Boom town: This Google Earth image demonstrates the spectacular town growth over the last decade.

A decade or so ago, Kathu in South Africa’s Northern Cape province was little more than a quaint mining town with a fantastic golf course. Supported almost entirely by the nearby Sishen iron ore mine, no one had expected that the town would change remarkably in the coming decade. But a surge in the global price of steel encouraged Anglo American, the majority owner of Kumba Iron Ore, to expand production, rapidly increasing employment. The town boomed. House prices went through the roof, further strengthened by a lump sum bonus to all employees in 2011. (Not all investments were sensible, though: one story goes that upon receiving the bonus, an employee drove to a neighbouring town to purchase a new luxury car, only to crash it on the way back.) The people of Kathu saw their disposable incomes and living standards increase. Two new malls opened in a town with less than 15000 people.

And then it all came tumbling down. A few weeks ago, Anglo announced that, based on weak prospects in China and the low price of steel, it will cut around 4000 jobs at the Sishen mine. House prices are falling and those new developments that rose like mushrooms are going unsold. Stores are likely to close their doors soon, cutting more jobs. The future for the former quaint mining town looks bleak.
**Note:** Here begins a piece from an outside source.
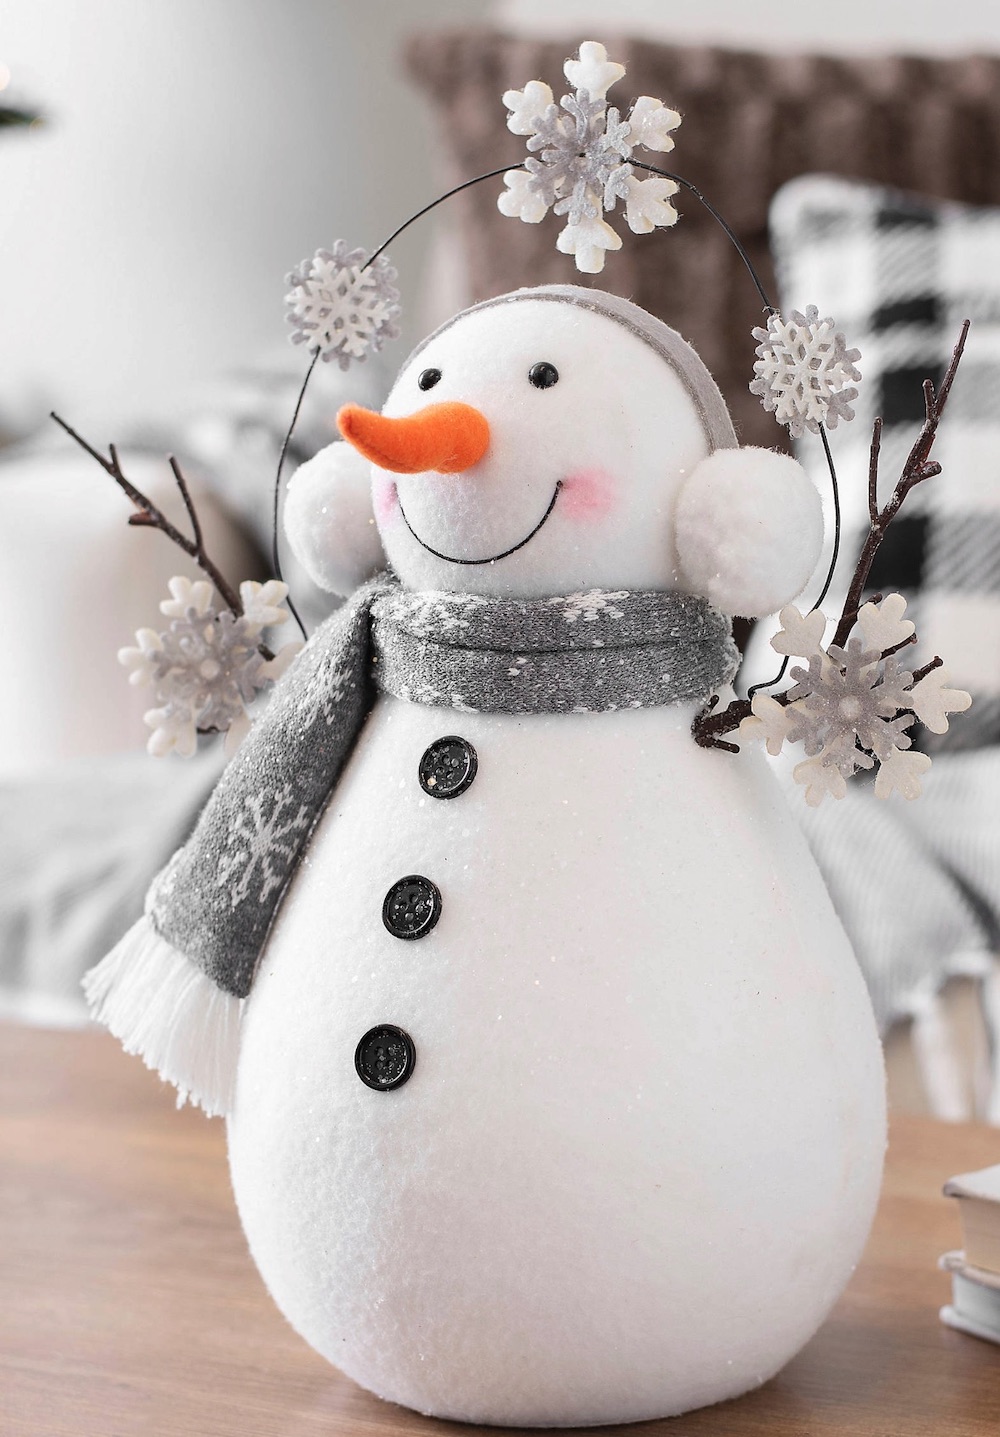 Christmas Decorations Snowman with Snowflakes Statue #Decor #Christmas #ChristmasDecor #HomeDecor #ChristmasHomeDecor #HolidayDecor

Kathu is a microcosm of the problem with development based on natural resources. Oxford University economist Anthony Venables investigates this conundrum in the most recent edition of the Journal of Economic Perspectives, asking ‘Using Natural Resources for Development: Why Has It Proven So Difficult?’. Venables explains that the successful use of natural resources requires multiple stages. First the deposits have to be discovered and extracted. Then the revenues need to be divided between the government, investors and other claimants (like the local community). What is important is how these revenues are split between the different claimants, and what it is used for. Finally, the indirect, negative effects to the rest of the economy must be allayed.

Dividing what can often be large gains can be difficult. Discovery and extraction licenses are typically awarded to encourage the most efficient mining companies to operate, but can result in corrupt practices. To avoid this, auctions provide one mechanism to ensure the government maximise revenue. Auctions do not work everywhere, though: in Botswana, the government instead negotiated with the dominant De Beers to ensure a larger share of the gains from diamonds.

Once gains have been divided, deciding how to spend it can be even more difficult. Often, Venables argues, there is pressure to spend on current expenditure instead of investing in infrastructure, for example. These pressures are magnified by patronage politics, which favours spending on groups or individuals allied to the government. The worst a government can do is to use the revenues to increase its chances of staying in power, for example, by hiring supporters as public sector employees.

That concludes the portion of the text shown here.